When we reached base camp Vinay was waiting for us. We discussed the possibility of attempting peak 5750 m, a peak some distance away from our camp. Unfortunately, the next two days we were stuck inside our tent with continuous snow. During the night we had to wake up to shovel snow outside our tent, a most unpleasant task.

After the snowfall we decided to move camp to the base of peak 5750. On May 30 we walked up the medial moraine at the head of the valley towards Peak 5750.

A few hours later, we had to turn back disappointed. Peak 5750 looked as difficult as Ranglana and with the weather playing truant, it was a no go.

The route felt very steep and a slip could be fatal

Image: Dhodu (in middle) and adjacent peak with Dhodu cha Guncha in the background (far right)

The only choice we had left was Dhodu. On May 31, we started towards the summit camp of Dhodu. We set up camp around 4400 meters. We were up early the next day for the summit attempt and there wasn't a cloud to be seen for miles.

We left for the summit a little late, around 5 am. The early morning sun gave a magical hue to the snowy landscape in front of us. The snow was firm and I was walking with Lengdu. I was just reaching out to the fixed ropes when Vinay warned me of crevasses. The route felt very steep and a slip could be fatal.

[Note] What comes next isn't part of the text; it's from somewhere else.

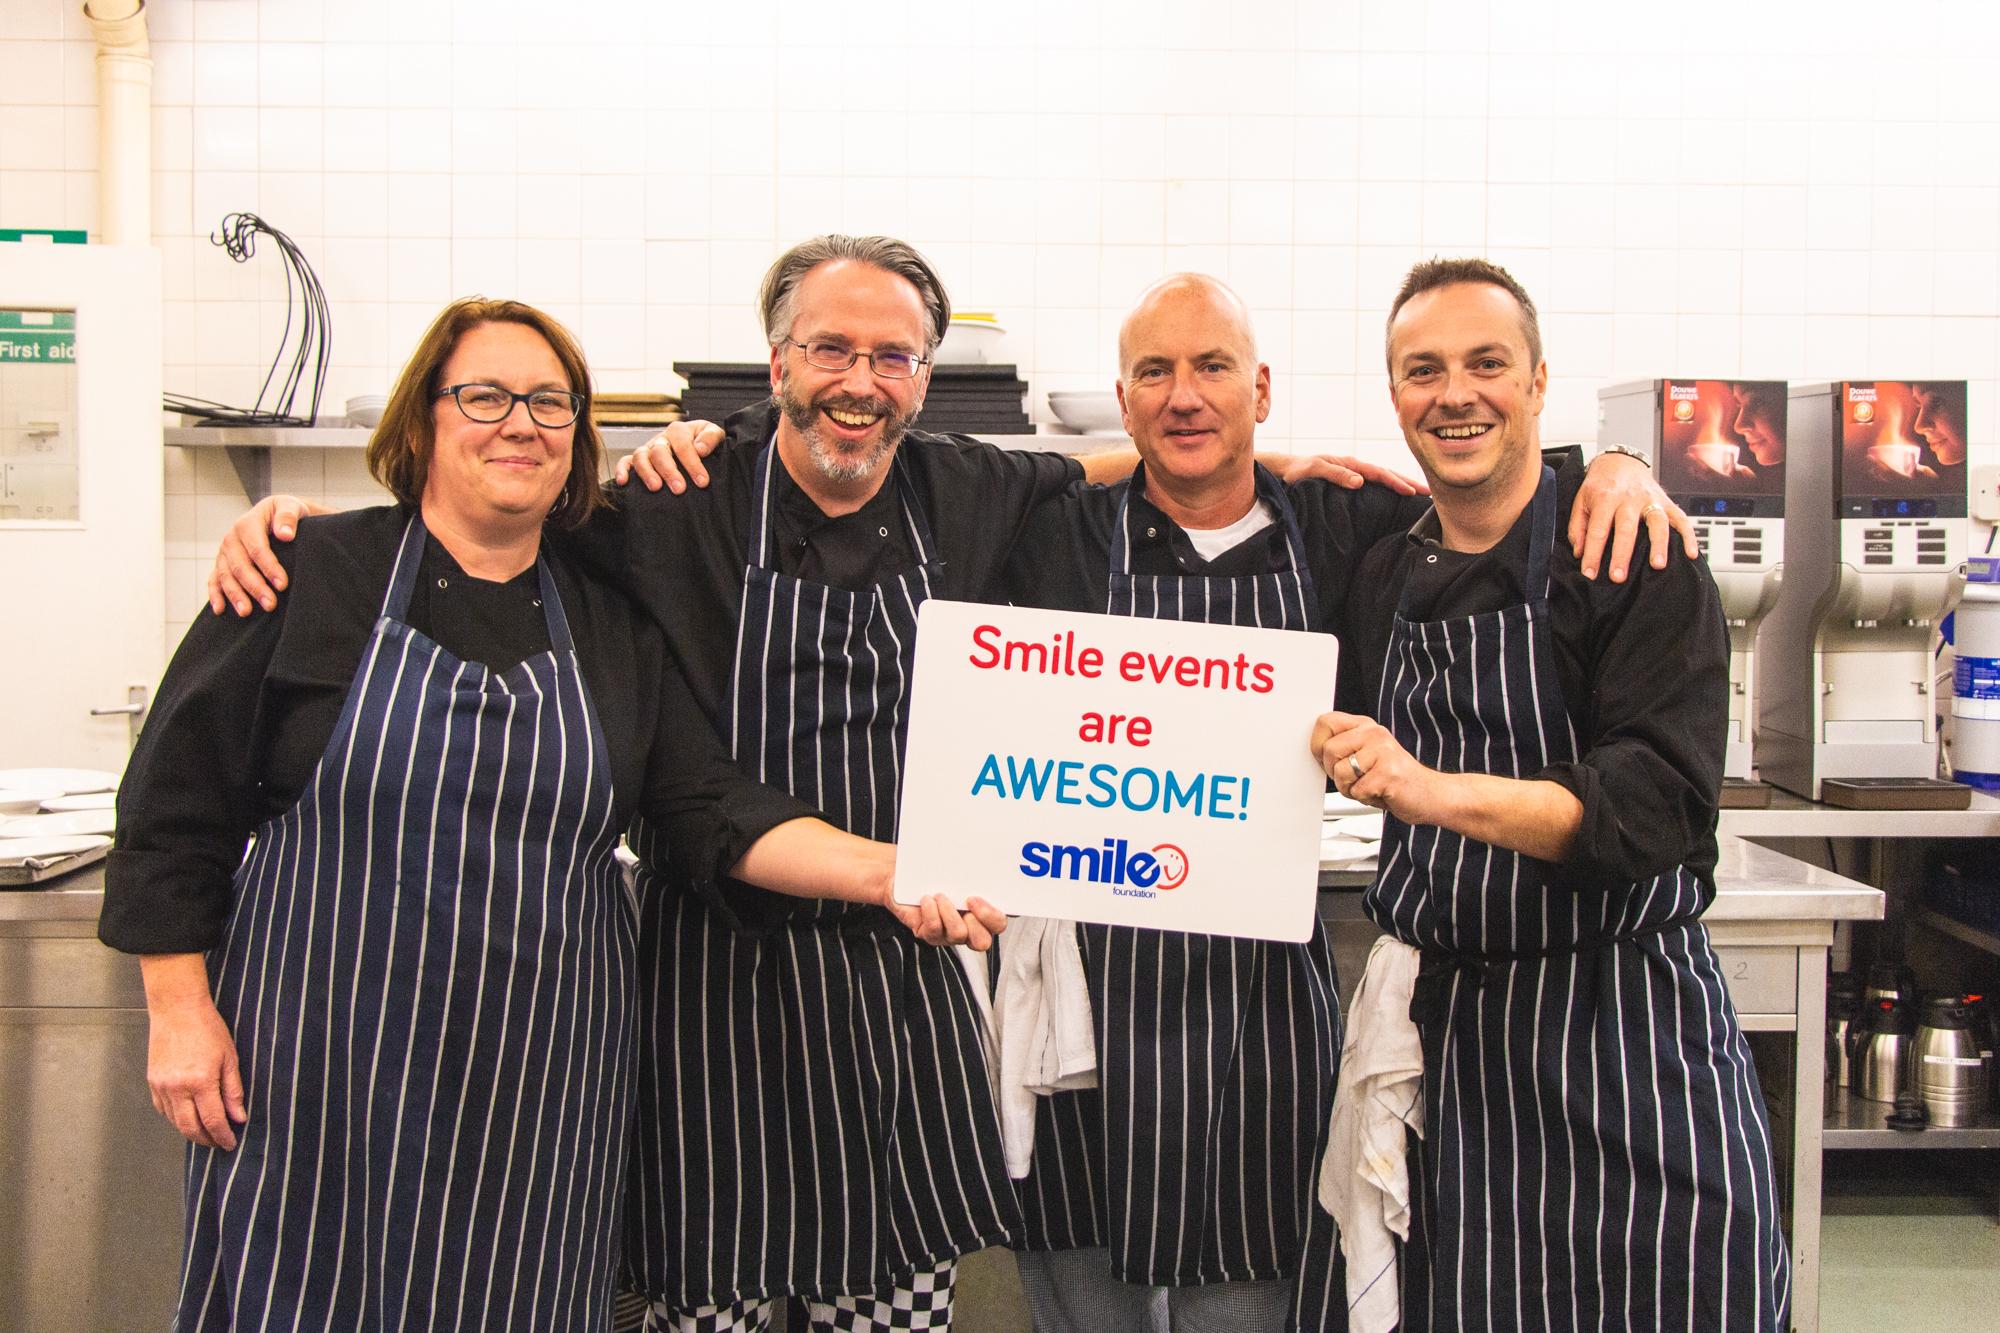 HSBC's Kitchen Team

I realised going further would mean I would have to depend on the others. It wasn't something I was comfortable with on a summit attempt. So I decided to turn back.

The storm came in fast

Image: I was trailing and decided to turn back after a while. This is the rest of team attemting Dhodu.

As I walking towards to the tent, I could see gathering clouds. I was walking alone and I had to be careful of hidden crevasses. I reached safely and had a small nap.

By noon it was snowing and getting worse. The others were out of sight, but I was sure they would have seen the gathering storm. The storm came in fast.

It began snowing heavily around 1 pm with thunder and lightning. Visibility was down as a cloud covered the peak. I saw a small avalanche nearby. I wasn't nervous yet, but I knew the margin for error did not exist anymore. The lightning was especially scary.

At 2 pm, I could see the group descending. I was relieved. Even though they reached camp exhausted, Cyrus felt it was prudent to move to base camp given the weather. They had missed the summit by just 40 meters, but the climb was a fantastic attempt in the circumstances.

Everyone was pleased including me.


We made it to base camp just before it got dark

Image: After the storm

The snowfall continued as we moved towards base camp. Kamlesh offered to take my sack. Once the weight was gone, I began moving very fast and confidently.

I paid a price for my over confidence. It was getting dark and I was on a grassy slope when I missed a rock. My vibram soles slipped on a wet rock, and I tried to balance my fall using my ice axe. Bad move. The ice axe slipped too and went straight into my ear.

For a minute I was very nervous. It was almost dark, and everyone was exhausted. I was hurt and bleeding. I gathered myself and the four of us -- Narbu, Lengdu, Prakash and I -- made it to base camp just before it got dark. We were cold, wet and tired, but very relieved to be at base camp.

Thankfully the injury turned out to be a minor one. We spent the next two days waiting for our porters to arrive from Sankri. The minute they showed up, we rushed down.

The descent was gruelling because each and every rock was wet and slippery. I was just glad to reach Sankri.

Ranglana will be climbed eventually. I assure you though when it does get climbed, major mountaineering journals will hail it as an achievement.